In what could be considered a minor but critical first reshuffle of UPA-II, the Prime Minister on Wednesday changed the portfolios of some incumbents, with several Ministers belonging to the non-Congress allies being given relatively lighter portfolios.
In view of the impending elections in Kerala and UP, improved representation has been given to MPs from these two States. However, three States — Chhattisgarh, Goa and Manipur — are yet to be represented in the Union Council of Ministers.
Speaking to newspersons after the reshuffle, the Prime Minister, Dr Manmohan Singh, called it a “minor reshuffle” adding that a major reshuffle is expected to take place after the Budget session of Parliament. The Budget session is expected to begin in February and last till May.
Elevated to Cabinet status
In a surprise change, the Minister for Petroleum and Natural Gas, Mr Murli Deora, was shifted to the Ministry of Corporate Affairs. Simultaneously, Mr Praful Patel (moves from Civil Aviation to Heavy Industries and Public Enterprises), Mr Sriprakash Jaiswal (Coal Ministry) and Mr Salman Khursheed (from Corporate Affairs to Water Resources) were elevated to Cabinet status. Mr Patel's association with the aviation sector is likely to continue as Air India could be referred to the Ministry of Heavy Industries to look into the airlines' wage bill.
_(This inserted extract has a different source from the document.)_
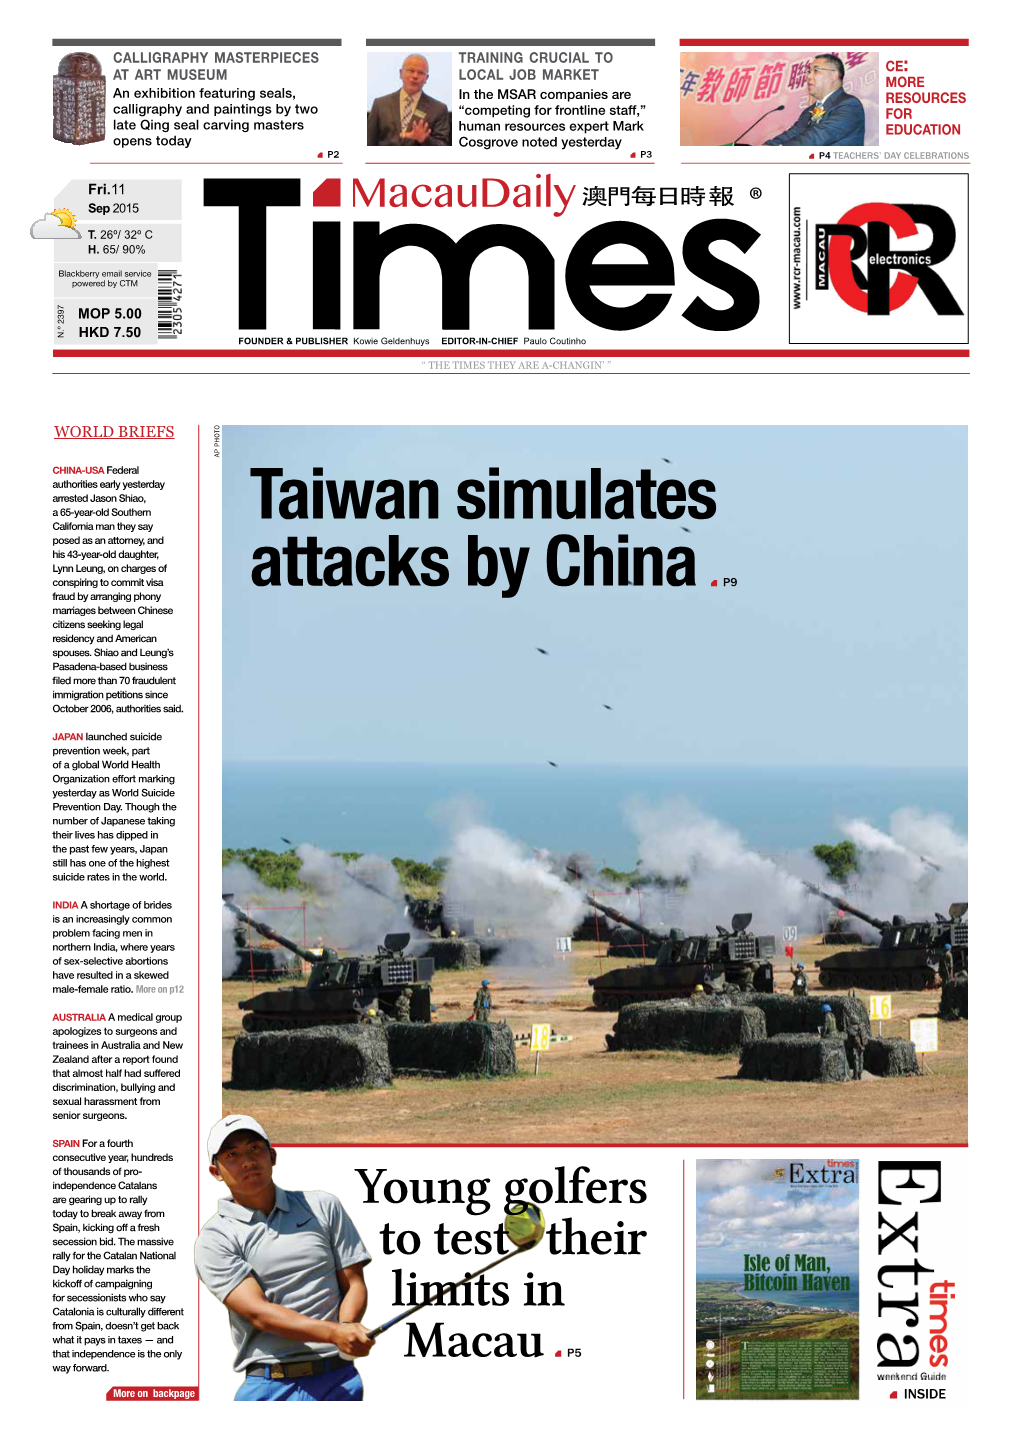 Taiwan Simulates Attacks by China P9

Mr Sharad Pawar will no longer look after the Department of Food, which will now be come under Prof K.V. Thomas. Prof Thomas has been given the reins of the Department at a time when the country's food inflation is the highest among major Asian economies. This had led to criticism of Mr Pawar for what is termed his failure to improve the distribution of food, scale up infrastructure and iron out supply bottlenecks — the primary reasons for prices of food products shooting up.
Contrary to expectations, not many new faces or younger ministers were inducted. The Minister of State for Power, Mr K.C. Venugopal, is the sole exception. The Prime Minister has also not dropped any Minister for non-performance, one of the reasons cited for the reshuffle.
The move to re-jig the team comes at a time when the twin challenges of escalating food inflation and moderating industrial output seem to have put the Government in a quandary.
With food price inflation still at 16.9 per cent and industrial production falling to an 18-month low at just 2.7 per cent, the need to invigorate the thinking process within the administrative set-up has been badly felt.
Further, changes in the ministerial council centre around key economic portfolios, especially in the infrastructure space. The signal sent out, say political watchers, is that the economy will continue to receive a major thrust in overall governance.
Mr Salman Khursheed's elevation to the Cabinet rank and being given charge of the water resources portfolio signals the importance the Government attaches to the handling of portfolios that deal with national resources.